Intensional Grundgesetze

罗素在《算术基本规律》中所发现的悖论是由二阶逻辑的概括公理和公理V造成的,其根源在于,弗雷格持有两个相互冲突的哲学信条:"数的给出包含着概念的断定"和"数是独立自主的对象"。为了在"对象"和"概念"之间建立一一对应,可以把谓词的涵义看作"概念",把专名的涵义视为"对象",谓词的涵义的外延变成专名的涵义,由此可在谓词的涵义和专名的涵义之间建立一一对应。据此思路,设计了一个模态的形式系统IG(Intensional Grundgesetze),由内涵公理V和内涵概括公理构成。

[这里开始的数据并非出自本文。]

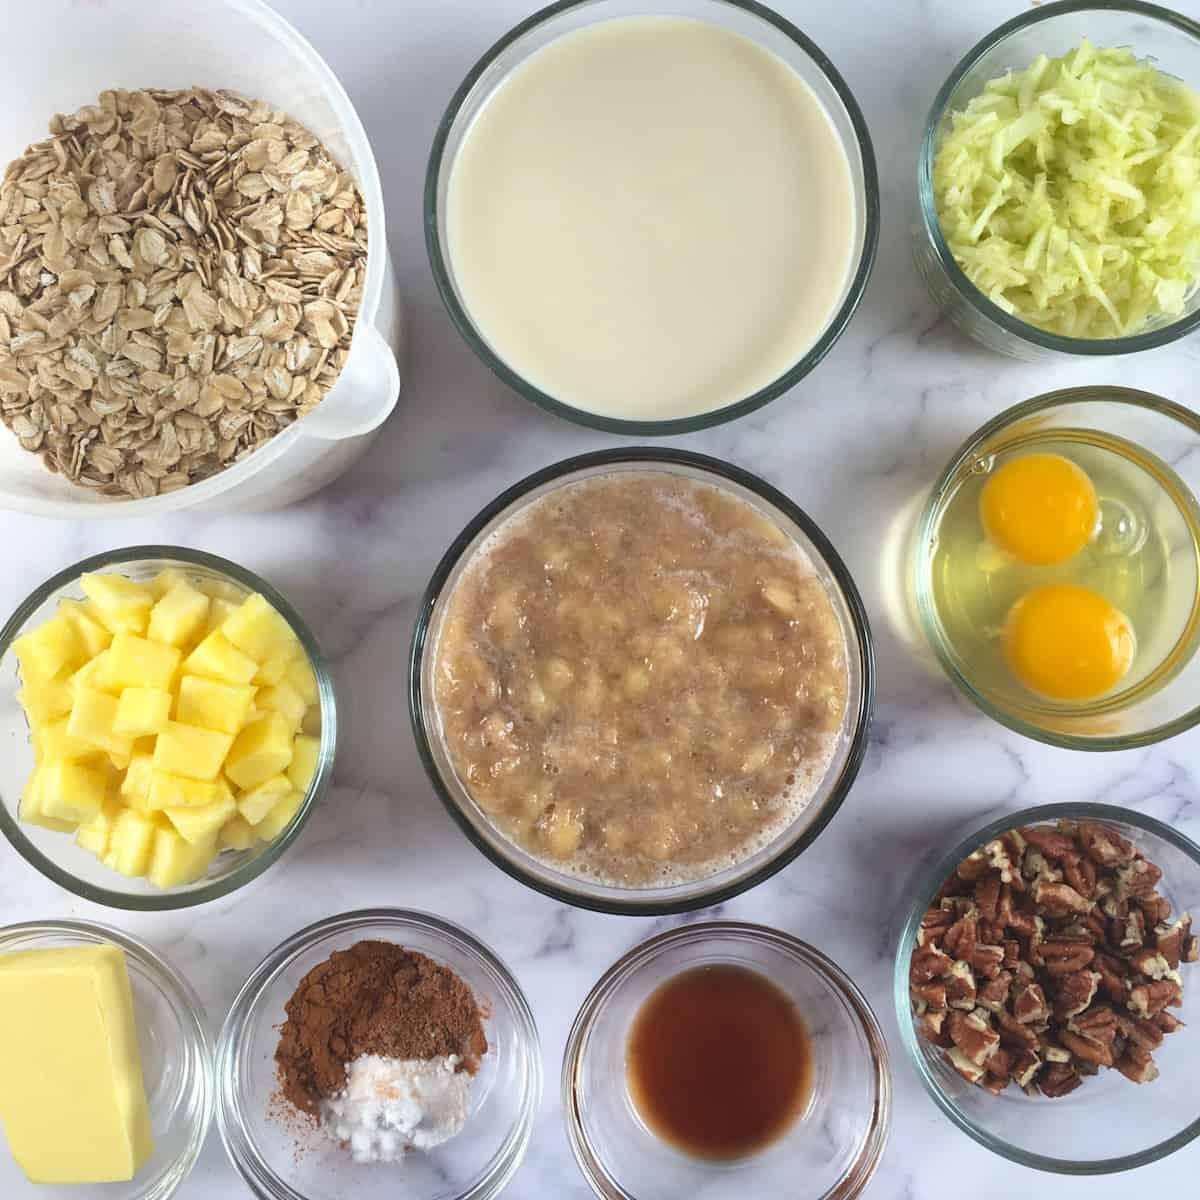 air fryer oatmeal ingredients

最后证明:IG是一致的,并且IG可以解释Robinson算术。

The conflict between Axiom V and Comprehension Axiom in second-order logic leads to a paradox that Russell found in Frege's Grundgesetze.This paper attempts to argue that Russell's paradox results from Frege's two contradictory philosophical doctrines:(1) die Zahlengabe eine Aussage von einem Begriffe enthalte;(2) die Zahlen sind selbstandige Gegenstande.Moreover,it will propose a new interpretation of Frege's distinction between reference and sense,and provide an intensional way to save Frege from the contradiction.At last,this paper will establish a modal system IG,which consists of Intensional Axiom V and Intensional Comprehension Axiom,and show the consistency of IG.